The rollout source of truth is the SDK validator:
pnpm validate:ambiguity-rollout
pnpm validate:clarification-live remains as a compatibility alias. The current rollout-gated anchors are:
  • World Cup clarificationPolicy="return" -> clarification_required
  • World Cup clarificationPolicy="auto" -> answer with explicit assumption metadata
  • Bybit clarificationPolicy="return" -> capability_miss
The validator emits gate metrics for:
  • ambiguityRecall
  • capabilityMissRecall
  • answerHoldRate
  • silentAnswerRate
  • fallbackRate
  • judgeDisagreementRate
  • observed rollout stages
As of the latest green localhost validation rerun on 2026-03-20T19:13:23Z, the required gate cases are all passing on http://localhost:3000 with pinned Polymarket:
  • ambiguityRecall: 1
  • capabilityMissRecall: 1
  • answerHoldRate: 1
  • silentAnswerRate: 0
  • fallbackRate: 0
  • judgeDisagreementRate: 0
  • gates.passed: true
The extra precise-market prompt is still tracked as coverage-only telemetry. It currently over-clarifies, but it is not part of the rollout gate.

Current Caveats

Metadata quality still matters, but should not define correctness

Clarification quality still improves when method metadata is explicit and truthful. In particular, query-safe filtering is only as good as the method surface signals:
  • _meta.surface
  • _meta.queryEligible
  • _meta.latencyClass
If tools omit or under-specify those fields, some methods may default to appearing more query-safe than they really are. In practice that can cause:
  • too many candidate methods entering clarification
  • execute-style methods surfacing in query-mode ambiguity handling
  • unsupported requests downgrading from capability_miss into low-quality clarification choices
But the permissionless ambiguity architecture is designed so contributor metadata is additive, not the correctness boundary. So there are two separate questions during debugging:
  1. Did the lane provide clarification with enough evidence?
  2. Was that evidence itself clean and query-safe?
The first question is about lane semantics (fast vs deep). The second is about method metadata quality and read-only filtering.

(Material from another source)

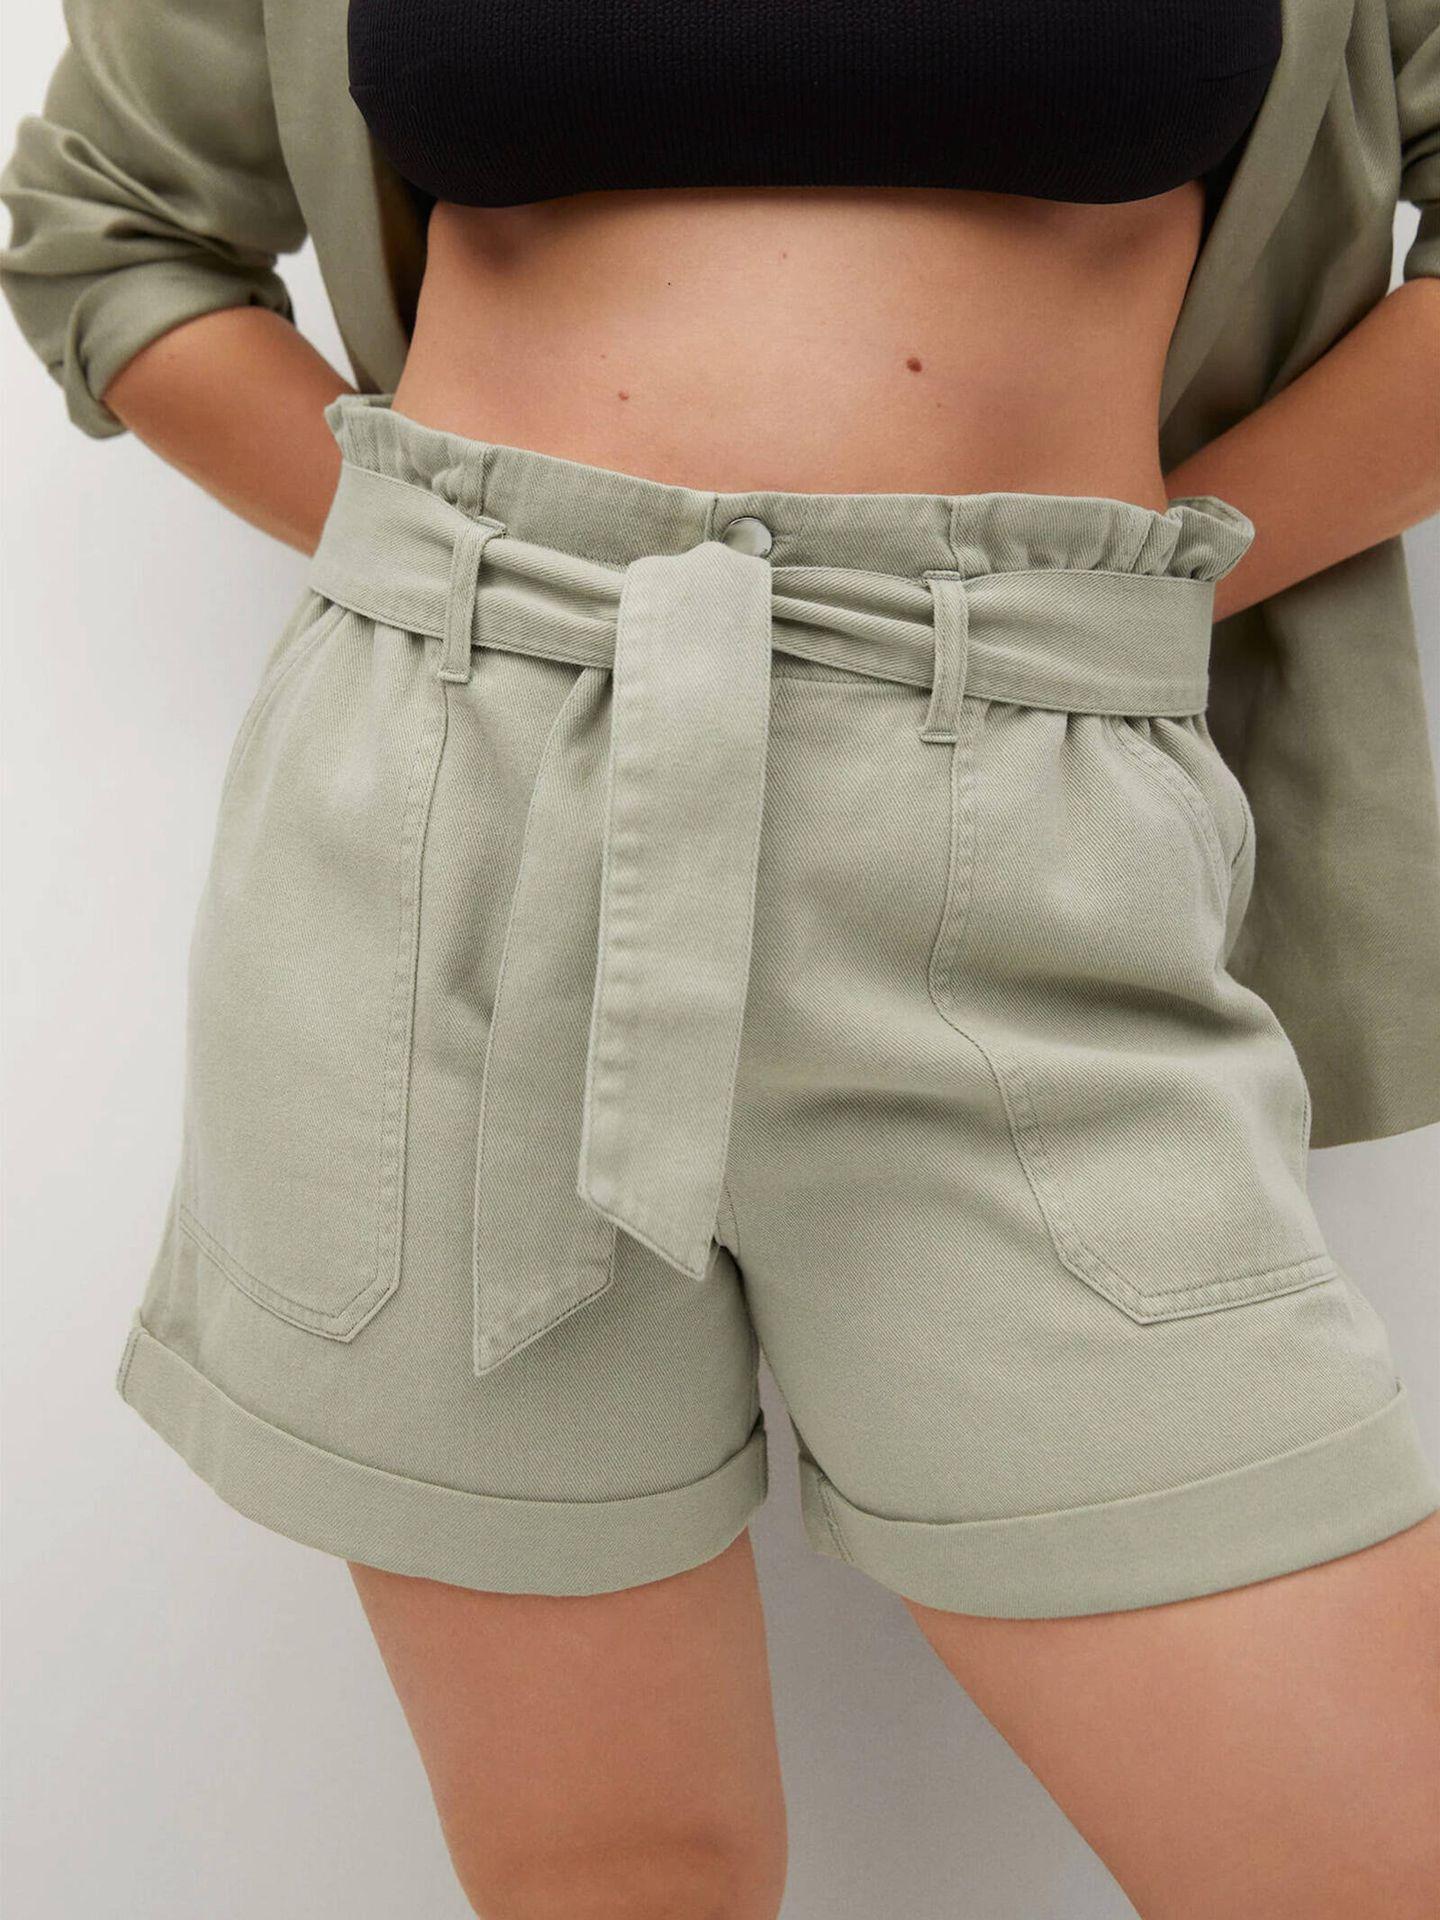 Pantalón corto con cinturón de Violeta by Mango. (Cortesía)

Multi-family live proof is still narrower than deterministic eval coverage

The rollout validator currently pins Polymarket for the live localhost proof. Broader multi-family coverage exists in deterministic eval/test coverage rather than in one end-to-end localhost run.

The World Cup clarification path is still slow

The anchor prompt is now correct, but it remains expensive on localhost. Expect repeated pre-promotion proof runs to be accurate but slow.

Practical Rules of Thumb

  • If a live deep request shows prePlanProbeStatus: "skipped" with no shortlist, that is a lane-contract bug.
  • If deep shows a healthy shortlist but clarification still looks wrong, inspect the ambiguity pool and then inspect method metadata/query-safe filtering.
  • If a request should clearly fail but instead asks a weird clarification question, check whether execute-style or weakly described methods leaked into the candidate pool.
  • If a request answers directly when you expected ambiguity, inspect viableCandidateCount, decisionReasonCode, and judgeOutcomeType first.
  • If the judge says answer but the final outcome still clarifies or capability-misses, inspect validatorReason and fallbackReason.